Leave No Trace (2018)

PG Running Time: 109 mins

SHOULD I SEE IT?

YES

  • Contains two of the best performances you’ll see this year with a great Ben Foster and the exceptional Thomasin Harcourt McKenzie.

  • Debra Granik’s film is uncompromising in tone and pacing, gorgeously shot and able to show us a unique American story with no judgment, criticism, just compassion and empathy.

  • The For His Glory dancers.
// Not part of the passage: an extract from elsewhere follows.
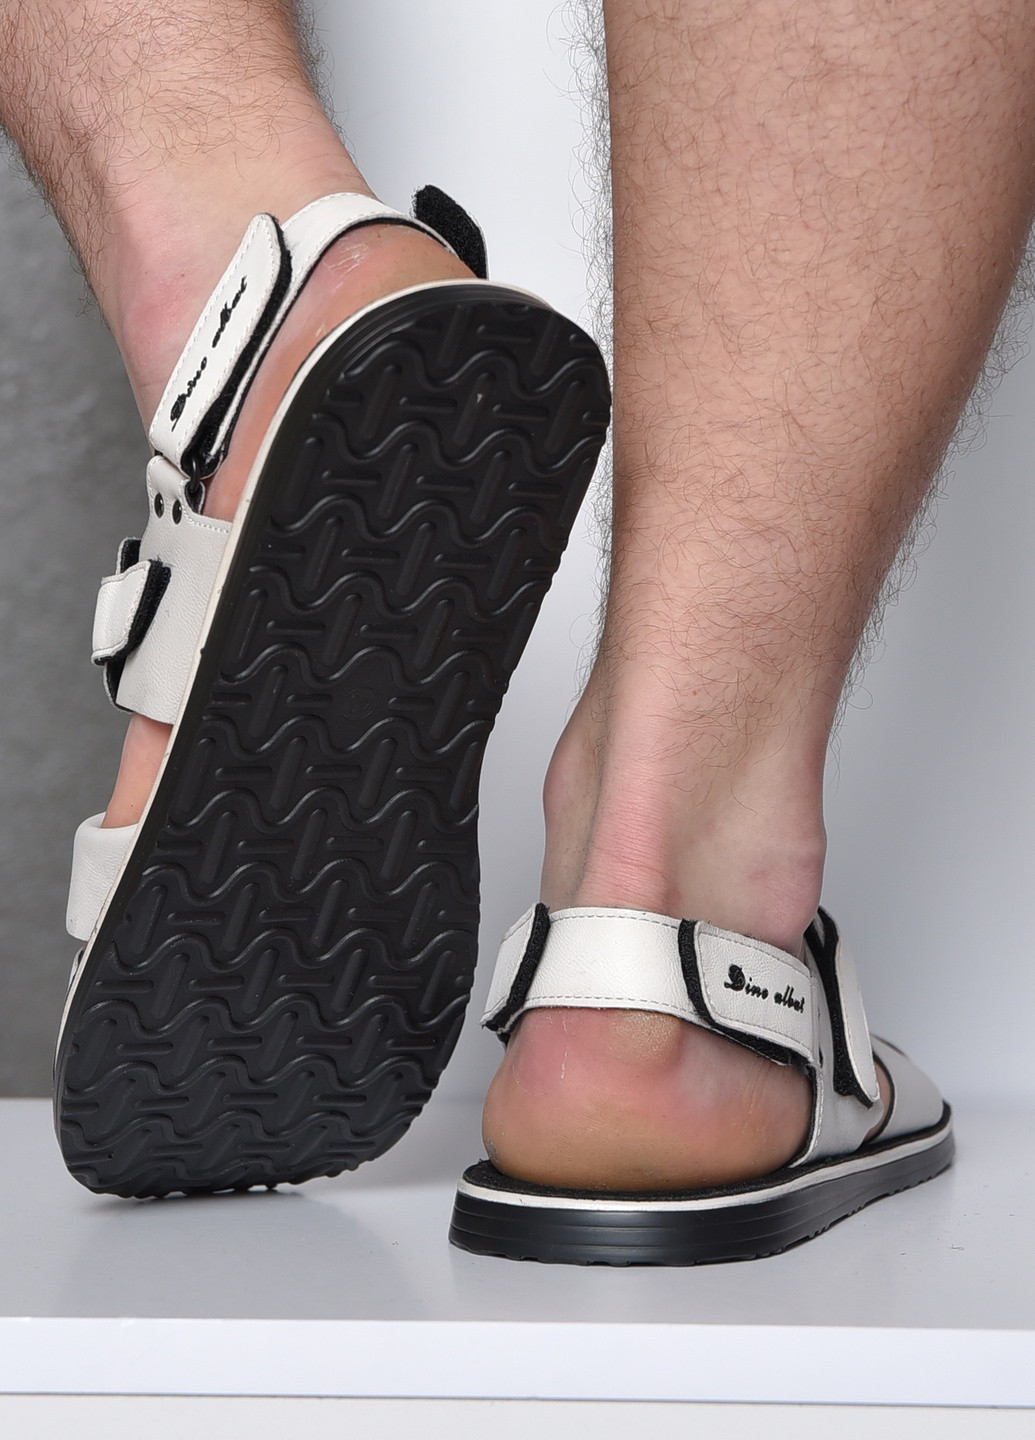 Пляжные сандалии мужские серого цвета на липучке Let's Shop на липучке

A random moment of humor in an otherwise serious-minded film is one of the best things I’ve seen on screen all year.

NO

  • There are going to be some people who see the story of Will and Tom unfold and find no compassion or empathy for them whatsoever, because they simply will not or cannot understand what they are going through.

  • The purposeful pacing of the film will make some viewers feel like this movie is twice as long as it actually is.
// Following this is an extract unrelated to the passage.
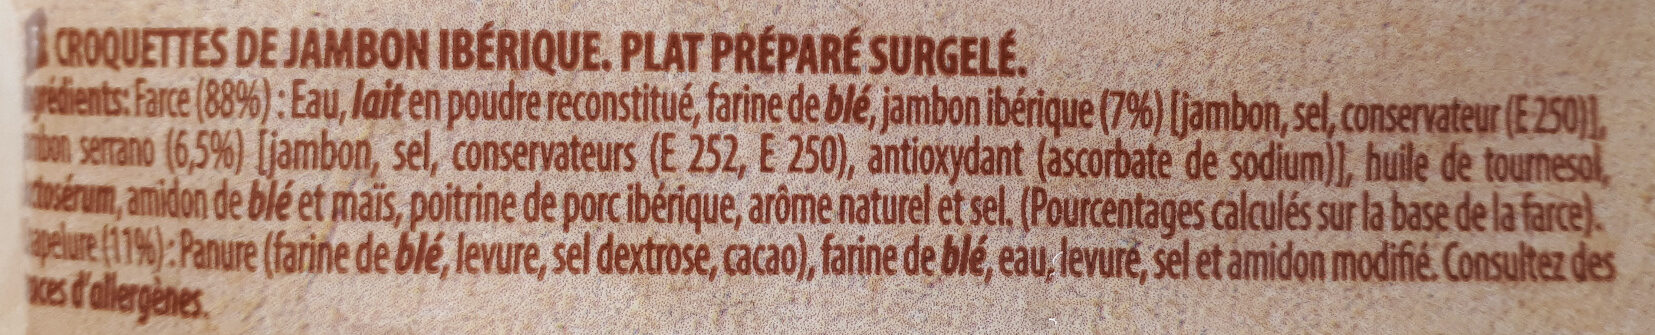 Croquetas de Jamon Ibérico - Ingredients - fr

  • The movie heads into its opening with a rare 100% on Rotten Tomatoes. I am grasping at straws here. Okay. You saw and disliked Winter’s Bone? This doesn’t have rampaging dinosaurs? You have to drive a little further to find it? Leave No Trace is worth your time.


OUR REVIEW

In 2010, Debra Granik’s Winter’s Bone not only came from seemingly out of nowhere to earn four Academy Award nominations, including Best Picture, but it also brought us the breakthrough for a young actress named Jennifer Lawrence. Earning her first Oscar nomination, Lawrence’s performance as Ree, a teenage girl forced to find her missing father, with her family facing eviction from their farmhouse, made her a star.

Granik also earned the highest profile of her career, but did not direct a film until 2014’s Stray Dog, a documentary about a Vietnam War veteran with an affinity for small dogs and motorcycles.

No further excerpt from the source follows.